There are two known fast algorithms I've looked at using.  Both depend on the IEEE single precision floating point format which is as follows:
| 1 sign bit | 8 bit exponent | 23 bit mantissa |
But Microcolor BASIC uses a larger mantissa, and uses two slightly different formats internally.  One is packed to save memory, and the other unpacked to simplify calculations.
Here is the packed format:
| 8 bit exponent | 1 bit sign | 31 bit mantissa |
And here is the unpacked format which is used during floating point calculations:
| 1 byte exponent | 32 bit mantissa | 1 byte sign | 
The larger mantissa is simply an extra byte which provides additional accuracy without a huge loss in speed required for double precision, and the mantissa appears to be largely treated as 31 bit.

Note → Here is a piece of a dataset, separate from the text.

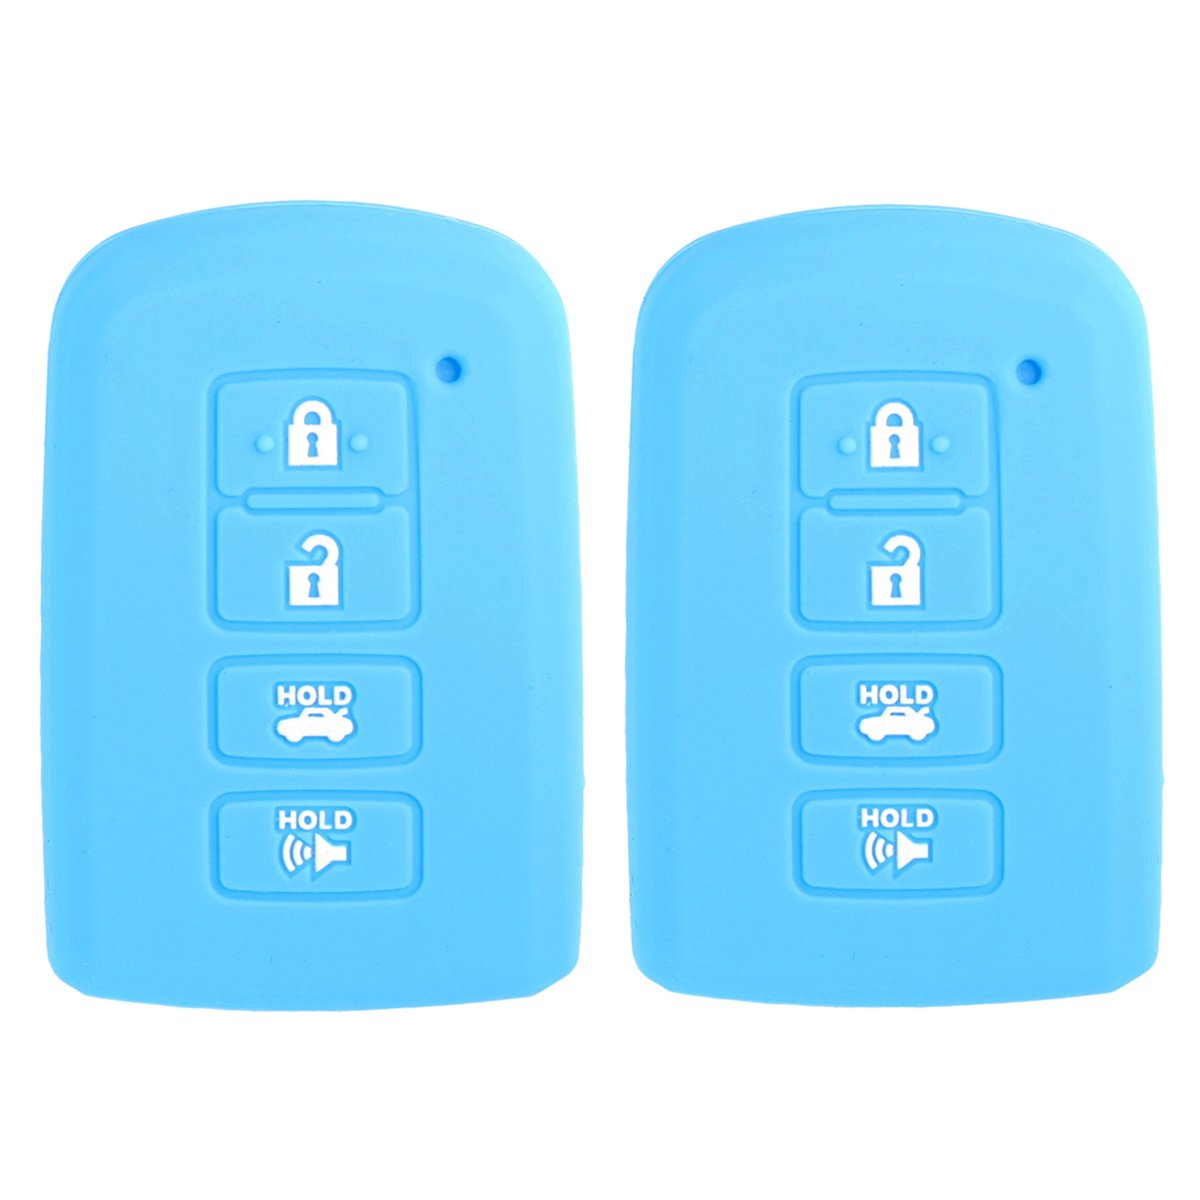 2Pcs WERFDSR Sillicone key fob Skin key Cover Keyless Entry smart Remote Case Protector Shell for 2012 2013 2014 2015 2016 TOYOTA Avalon Camry Corolla Highlander RAV4 Black Blue

The two formulas I've looked at for performing a fast SQR are presented below in C source code, and they were taken from this page.

/* Assumes that float is in the IEEE 754 single precision floating point format
 * and that int is 32 bits. */
float sqrt_approx(float z)
{
    int val_int = *(int*)&z; /* Same bits, but as an int */
    /*
     * To justify the following code, prove that
     *
     * ((((val_int / 2^m) - b) / 2) + b) * 2^m = ((val_int - 2^m) / 2) + ((b + 1) / 2) * 2^m)
     *
     * where
     *
     * b = exponent bias
     * m = number of mantissa bits
     *
     * .
     */

    val_int -= 1 << 23; /* Subtract 2^m. */
    val_int >>= 1; /* Divide by 2. */
    val_int += 1 << 29; /* Add ((b + 1) / 2) * 2^m. */

    return *(float*)&val_int; /* Interpret again as float */
}

val_int -= 1 << 23 is easy enough.  In our case the bit is shifted 31 times due to the larger mantissa, and an additional time for the sign bit... so 1 << 31.  But a simpler way to but it is to subtract 1 from the exponent.

val_int >>= 1 is a bit of a problem since on IEEE format, the bit shifts into the mantissa, and in Microcolor BASIC format, it shifts into the sign bit.  Loosing the sign bit is not a problem due to the fact that we should have already generated an FC error (illegal function) if we are trying to use SQR on a negative number.  But it's not actually in the proper bit in the mantissa.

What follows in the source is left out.